Dégât des eaux dans la maison : détecter l’origine en toiture par drone (méthode 2026)

Dégât des eaux dans la maison : détecter l’origine en toiture par drone

Trois sinistres sur quatre proviennent du toit ou de la façade. Pourtant la tache au plafond peut être à dix mètres du vrai point d’entrée. Méthode drone HD et thermographie radiométrique, délais MRH et coûts comparés.

Une tache brune au plafond, une auréole qui réapparaît à chaque pluie, un parquet qui gondole : ces signes annoncent un dégât des eaux dont la source réelle se trouve plusieurs mètres au-dessus, sur la couverture ou la façade. Selon France Assureurs, environ trois sinistres habitation sur quatre ont une origine extérieure. Encore faut-il identifier le point d’entrée exact avant d’engager des travaux : c’est là que le drone HD couplé à la thermographie radiométrique change la donne en 2026.

Réponse synthétique : dans un dégât des eaux d’origine toiture, l’infiltration entre par un défaut ponctuel (tuile fissurée, abergement décollé, faîtage ouvert) puis l’eau migre par capillarité le long des chevrons et du voligeage sur 10 à 30 mètres latéralement avant d’apparaître au plafond. Le drone HD avec zoom optique cartographie la couverture en 30 à 60 minutes ; la thermographie radiométrique matérialise par contraste froid les zones encore humides et remonte au point d’entrée. La déclaration MRH doit intervenir sous 5 jours ouvrés (article L113-2 Code des assurances). Coût d’une mission drone de détection d’origine : 350 à 600 €, contre 1 500 à 4 000 € pour un sondage destructif aveugle.

1. Pourquoi 75 % des dégâts des eaux viennent du toit ou de la façade

Les statistiques publiées par France Assureurs placent le dégât des eaux au premier rang des sinistres habitation déclarés en France. La majorité – environ trois sur quatre dans le logement individuel – n’a pas pour origine une rupture intérieure (canalisation, joint de baignoire) mais bien une infiltration extérieure par la couverture, les abergements ou la façade. C’est une enveloppe sollicitée en permanence : pluies battantes, gel-dégel, vent à 100 km/h, UV, dilatation thermique.

Quatre-vingt-dix pour cent des infiltrations passent par six familles de défauts récurrents listés ci-dessous.
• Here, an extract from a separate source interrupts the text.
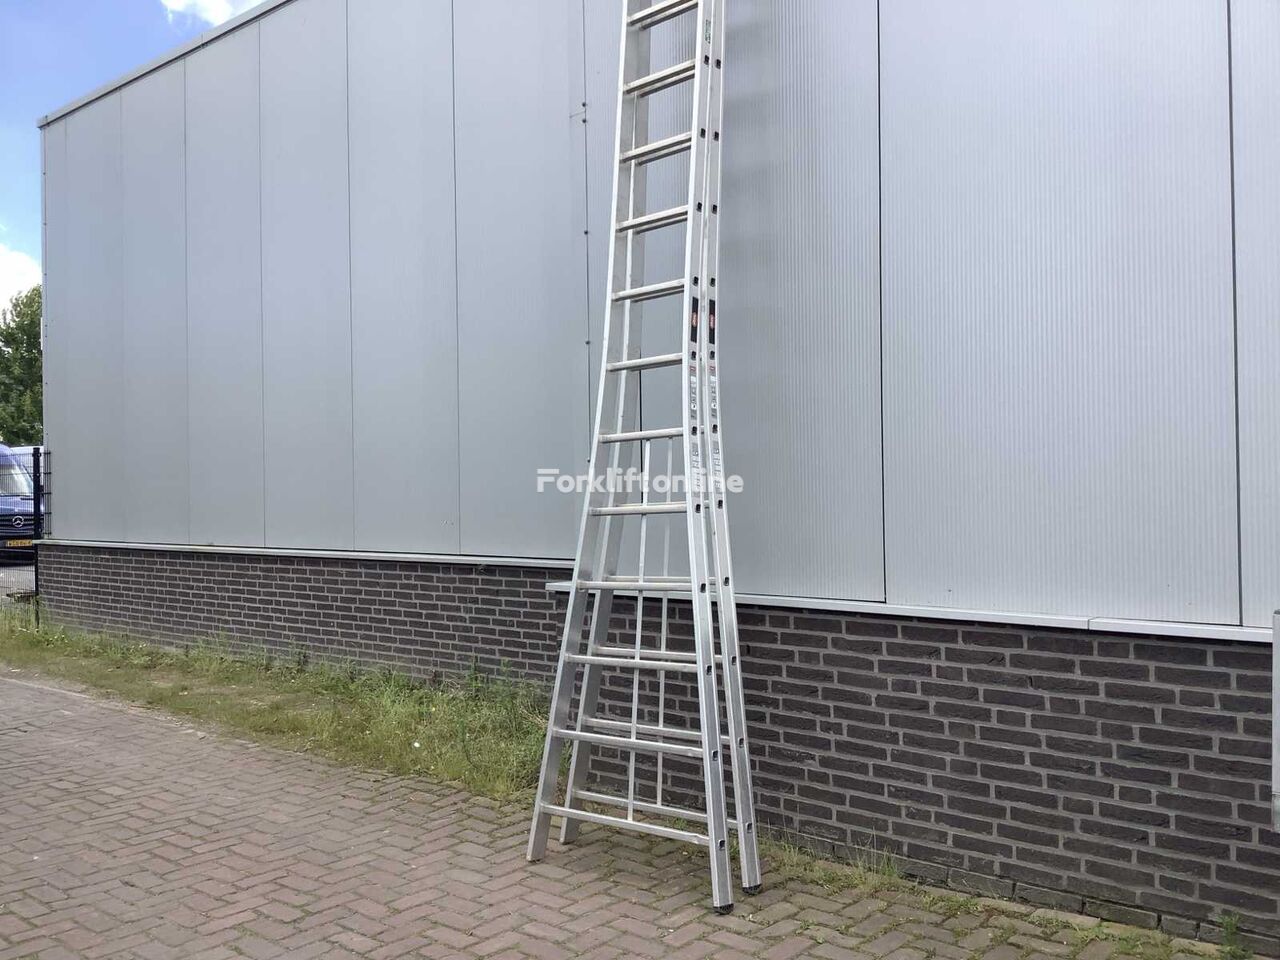 Altrex Keu 1x16 warehouse ladder

Les identifier permet de cibler l’inspection au lieu de balayer toute la toiture.

Origine extérieure Localisation typique Part des sinistres logement (ordre de grandeur)
Tuile fissurée ou déplacée Versants, rives, faîtage ~ 30 %
Abergement de cheminée ou fenêtre de toit Solins plomb, étanchéité Velux ~ 20 %
Faîtage descellé ou closoir arraché Ligne de faîte, arêtiers ~ 15 %
Gouttière débordante ou noue obstruée Égout de toit, noue, descente ~ 15 %
Fissure de façade traversante Mur pignon, appui de fenêtre ~ 10 %
Écran sous-toiture déchiré ou absent Sous la couverture, invisible du sol ~ 10 %

Le CSTB rappelle dans ses guides techniques NF DTU 40 que la durée de vie d’un abergement plomb est de quinze à vingt ans, et celle d’un closoir aluminium souple de dix à douze ans : passé ces seuils, le risque d’infiltration progresse rapidement, même sans évènement météo notable.

Les 25 % restants correspondent aux sinistres d’origine intérieure : canalisations, joints de douche, flexibles d’électroménager, chauffe-eau. Un diagnostic complet doit toujours commencer par exclure ces sources évidentes (test de coupure d’eau, vérification visuelle) avant d’engager une inspection extérieure.

2. Pourquoi la tache au plafond ne désigne presque jamais le vrai point d’entrée

Le réflexe naturel consiste à pointer vers la tache et à chercher le défaut juste au-dessus. C’est une erreur dans neuf cas sur dix. L’eau qui s’infiltre par un défaut de couverture ne tombe pas verticalement : elle migre par capillarité le long des fibres du bois, des plis du film sous-toiture et des couches d’isolant, parfois sur plus de dix mètres avant de marquer un plafond.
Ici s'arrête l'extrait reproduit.